Strengths and Limitations

Our study had a number of strengths. First, we examined potential causality by assessing metabolic changes after intervention aiming to improve or cure OSA and thus to assess the contribution of OSA to IR, hyperglycemia, and dyslipidemia independently of obesity. OSA diagnosis was based on the gold standard in-laboratory overnight PSG. We also studied several NOB children who are at lower a priori risk of IR and MetSyn and were able to evaluate the contribution of OSA to IR without the confounder of obesity. Our study also had several limitations. First, of the 114 children who initially consented to participate, only 69 returned for follow-up evaluation (approximately 60%); however, those who did not return for follow-up visits did not differ demographically, anthropometrically, metabolically, or in OSA severity from those who did return, so attrition is unlikely to have significantly biased our results. Also, the wide age distribution of our cohort could have affected interpretation of IR, hyperglycemia, and dyslipidemia, given the mixture of prepubertal and pubertal children. We also did not examine the participants’ diet and physical activity pre- and post-T&A, and thus cannot exclude the possibility that some participants significantly changed their food intake patterns and overall activity lifestyle following T&A. Lymphadenoidal hypertrophy also has been found to decline in adolescence,⁵¹ although adolescents with OSA vs without OSA are more likely to have adenotonsillar hypertrophy⁵²; this variability may have affected how the underlying primary contributors to upper airway dysfunction impinge upon metabolic function. Furthermore, glycosylated hemoglobin was not examined, so the impact of OSA treatment on longstanding glycemia could not be assessed. Children who were found to have clinically significant OSA on follow-up PSG were offered CPAP as per clinical routine by their sleep medicine physicians; however, this was not part of our study and thus we do not have data regarding the impact of CPAP on metabolic outcomes in children with residual OSA. The metabolic impact of CPAP in children should be examined in future studies. Finally, only 22 subjects were obese, limiting our power to assess for separate relationships between OSA and metabolic sequelae in this population.

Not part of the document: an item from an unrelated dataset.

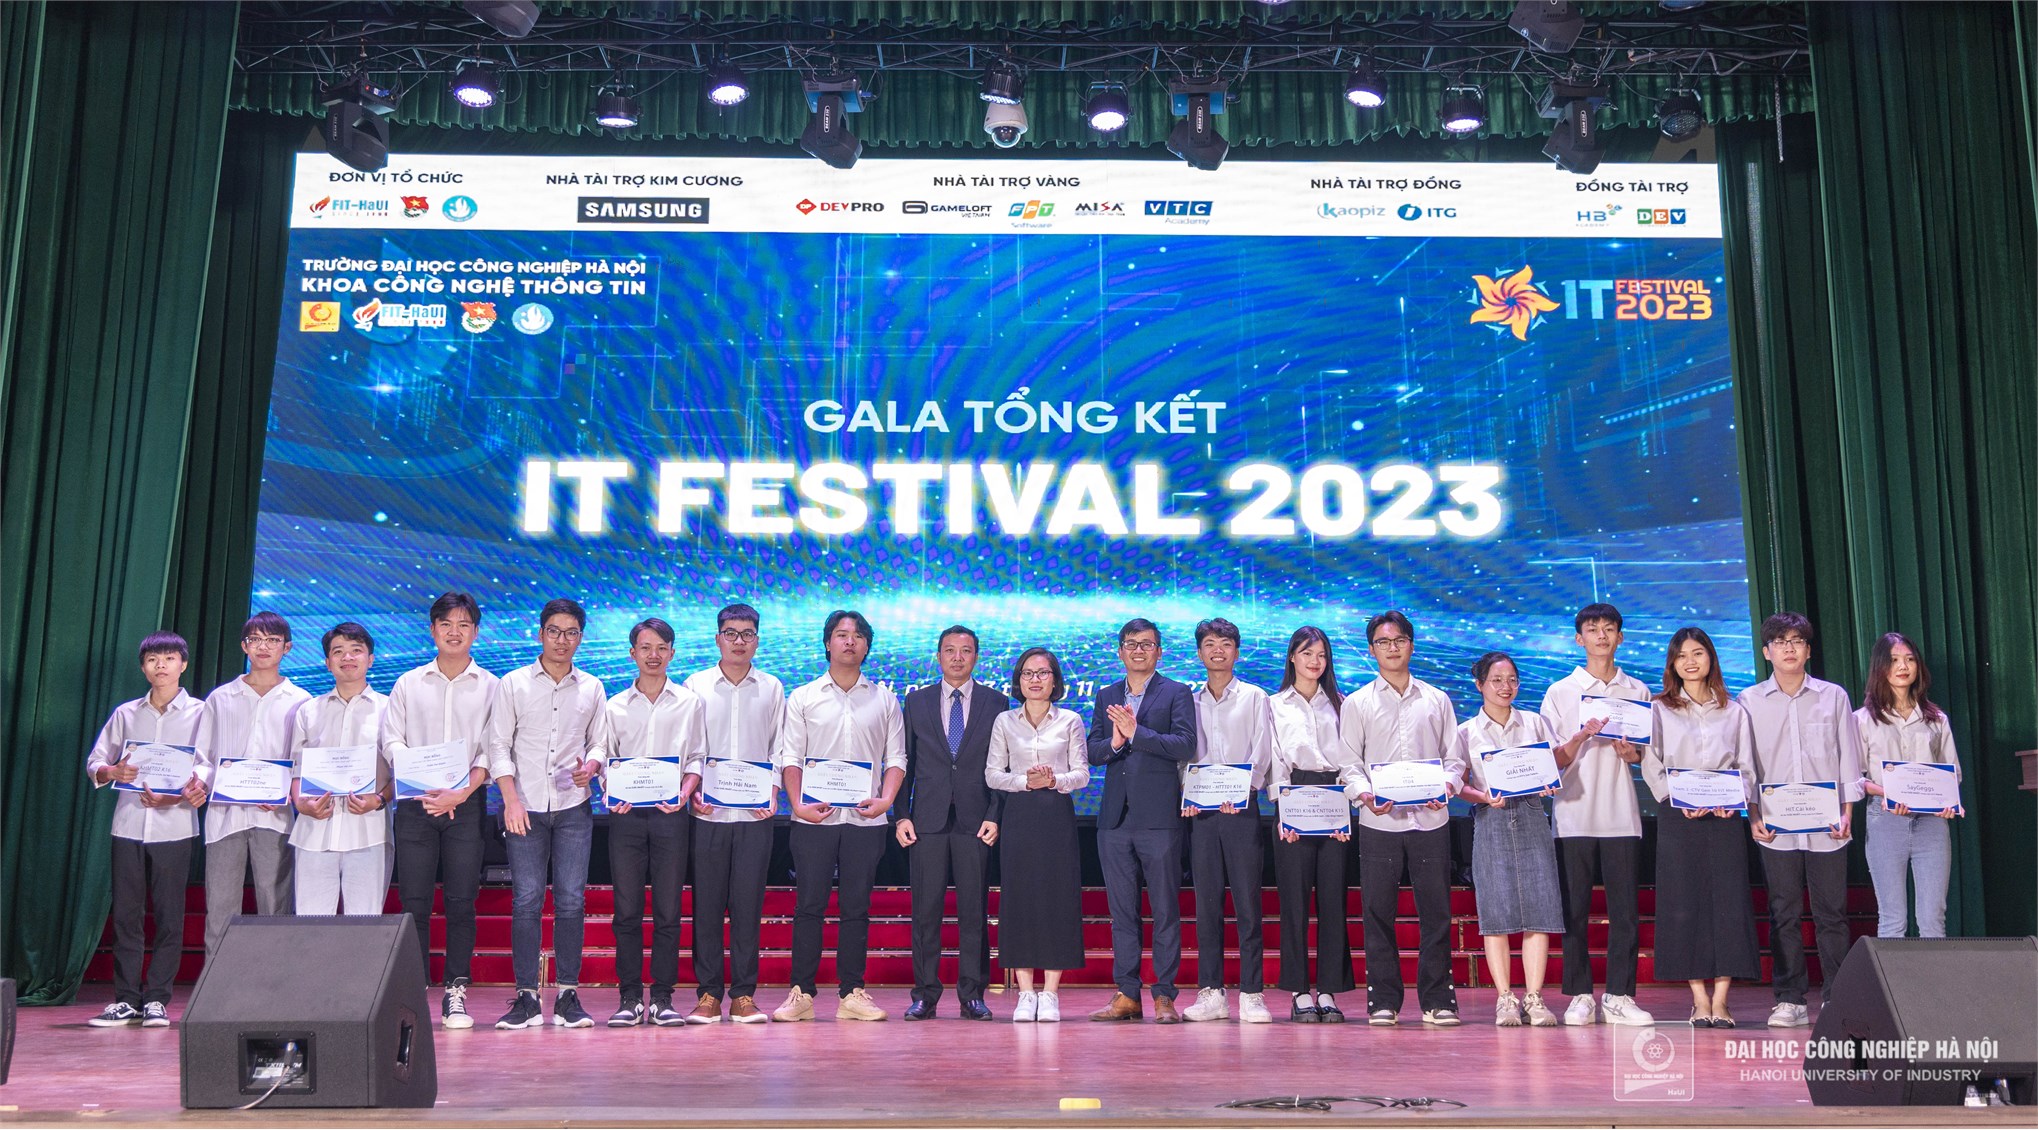 Bùng nổ Gala Ngày hội Công nghệ Thông tin - IT Festival 2023

In conclusion, we found that T&A significantly improved IR and HDL, and that baseline FPI predicted residual OSA independently from BMI z score, suggesting that IR may contribute to worsening of untreated OSA. Future studies are clearly needed to better delineate putative associations between OSA and IR, especially in the context of puberty onset and progression and its related changes. Finally, we found that OSA persisted following T&A in the majority of children, especially those with obesity; the high prevalence of remaining OSA post-T&A not only demonstrates that T&A is not fully efficacious at resolving OSA, but suggests that objective follow-up assessment of sleep-breathing patterns is indicated after adenotonsillectomy.